Work required
Only the stretch below from the line holding "Limousine bianca stretch" through the line holding "plecak szkolny stojący" should be restated, word for word and with both ends included; pictures stay out.

Record excerpts
::::
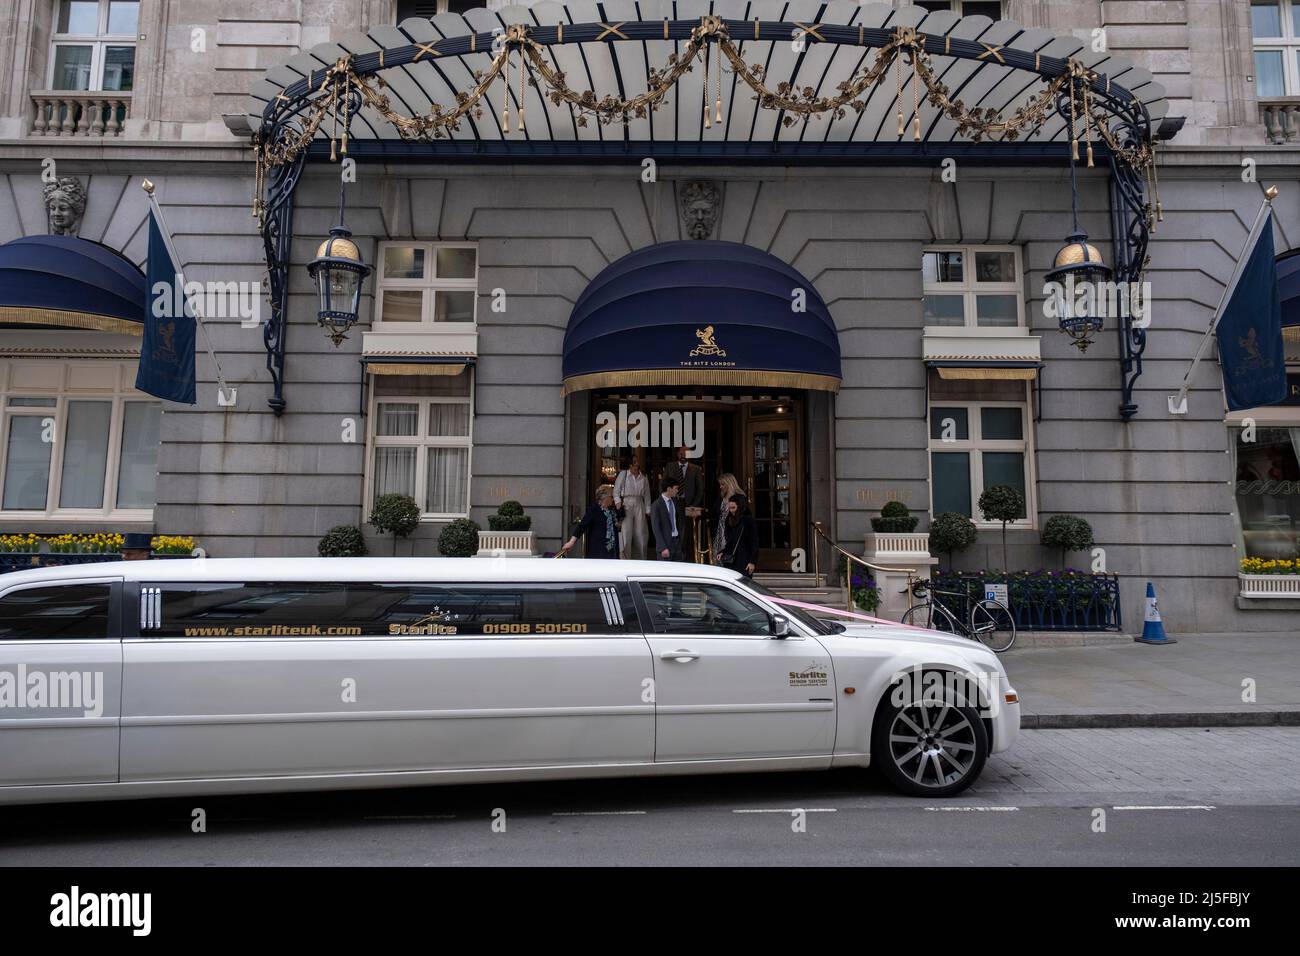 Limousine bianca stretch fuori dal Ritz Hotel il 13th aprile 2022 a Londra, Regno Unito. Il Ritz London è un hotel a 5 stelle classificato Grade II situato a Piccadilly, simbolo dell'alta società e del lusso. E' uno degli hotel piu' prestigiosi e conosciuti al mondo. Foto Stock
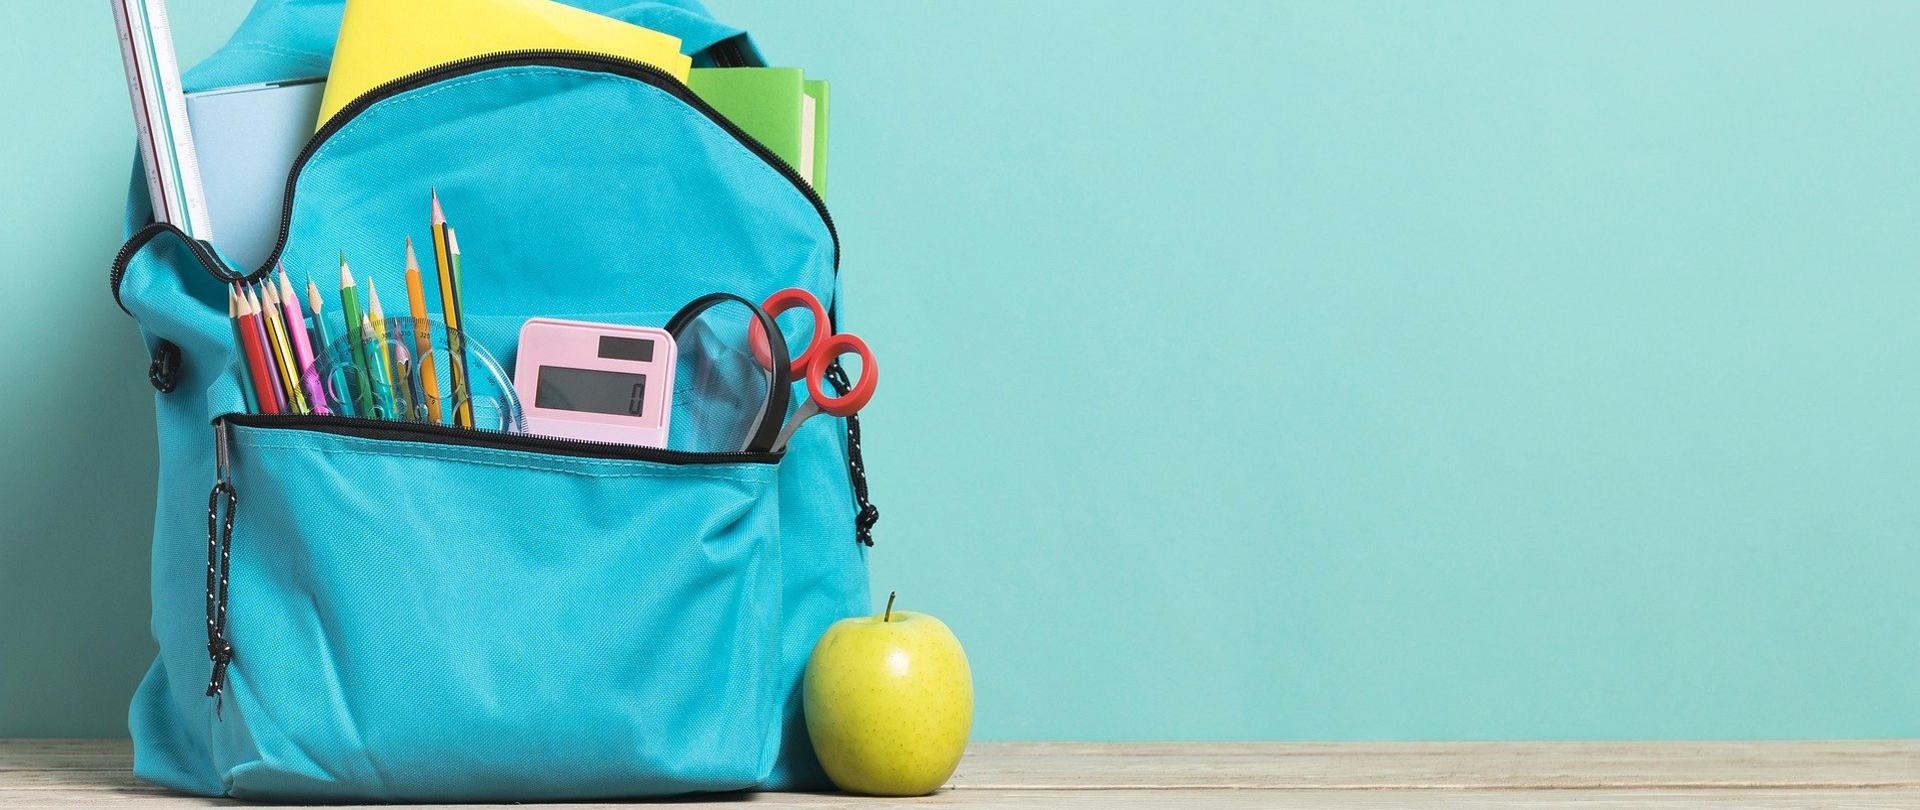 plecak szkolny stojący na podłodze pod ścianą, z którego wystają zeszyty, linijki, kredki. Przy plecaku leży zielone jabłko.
::::
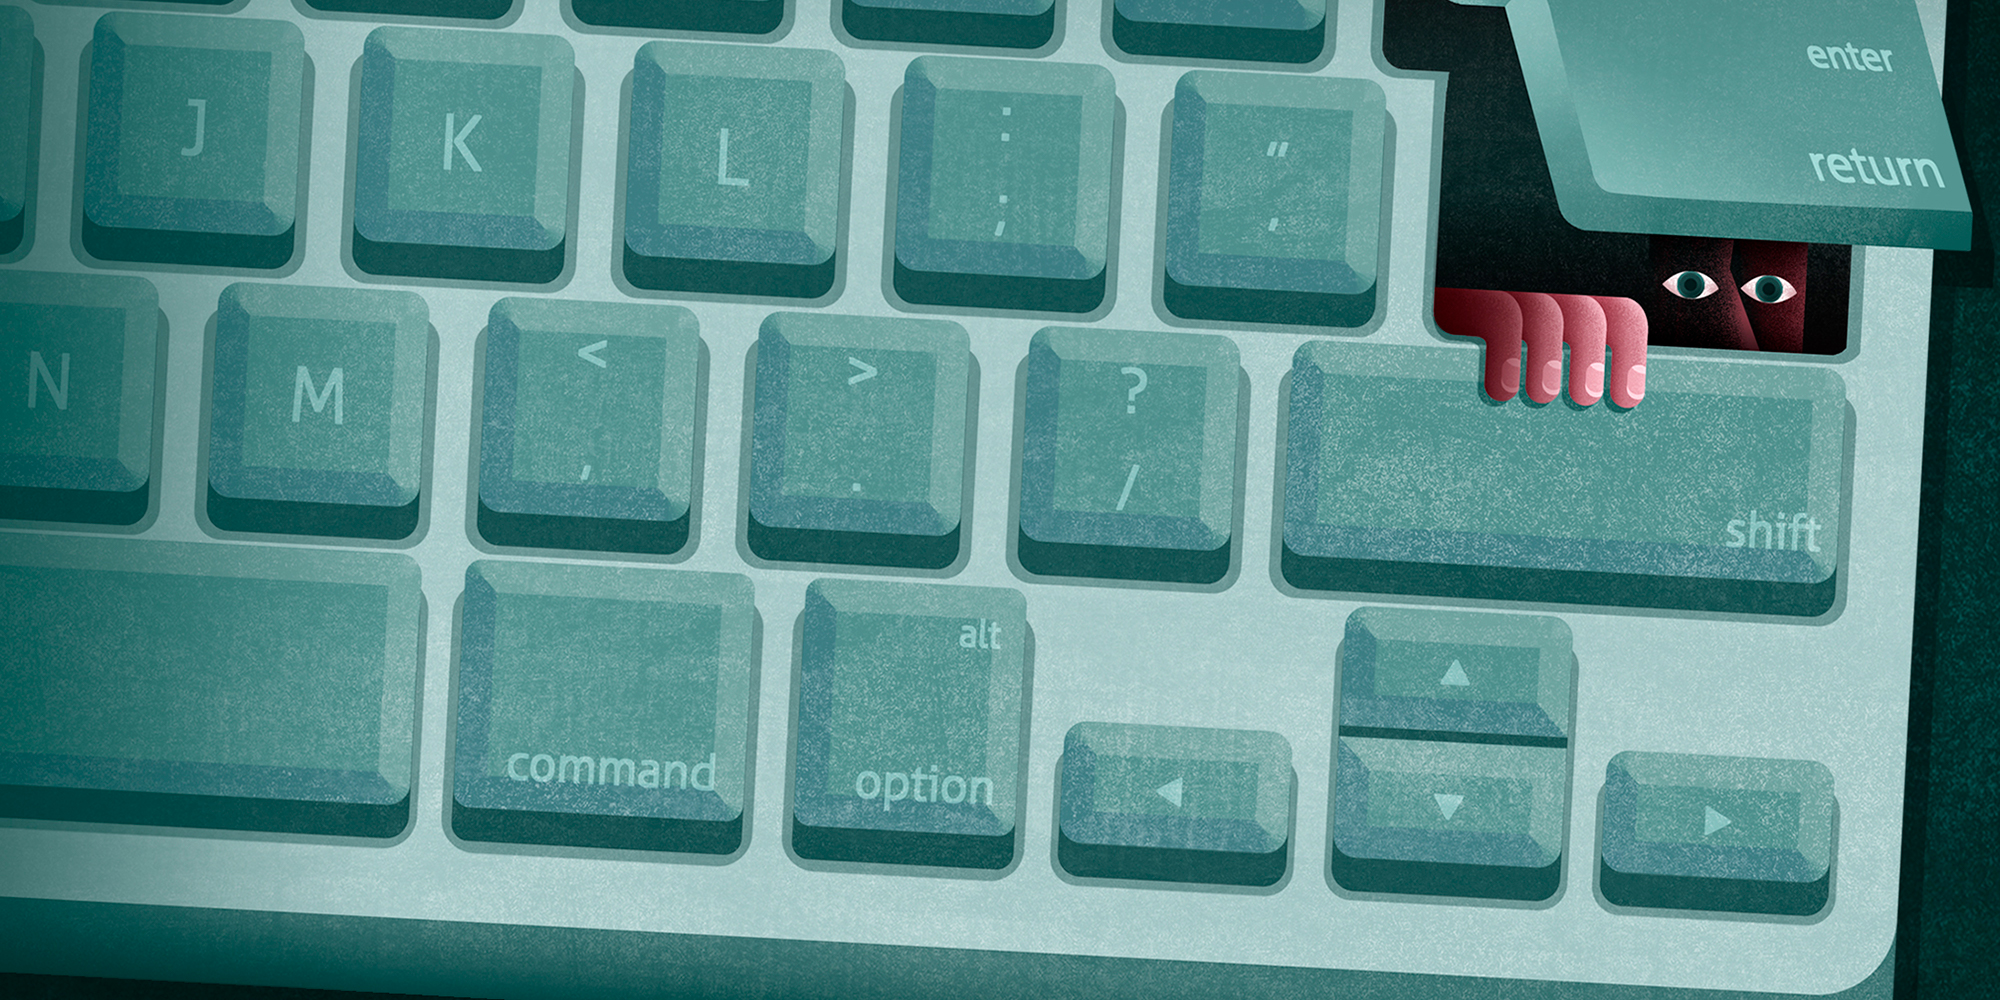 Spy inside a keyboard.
::::
Answer box
 Limousine bianca stretch fuori dal Ritz Hotel il 13th aprile 2022 a Londra, Regno Unito. Il Ritz London è un hotel a 5 stelle classificato Grade II situato a Piccadilly, simbolo dell'alta società e del lusso. E' uno degli hotel piu' prestigiosi e conosciuti al mondo. Foto Stock
 plecak szkolny stojący na podłodze pod ścianą, z którego wystają zeszyty, linijki, kredki. Przy plecaku leży zielone jabłko.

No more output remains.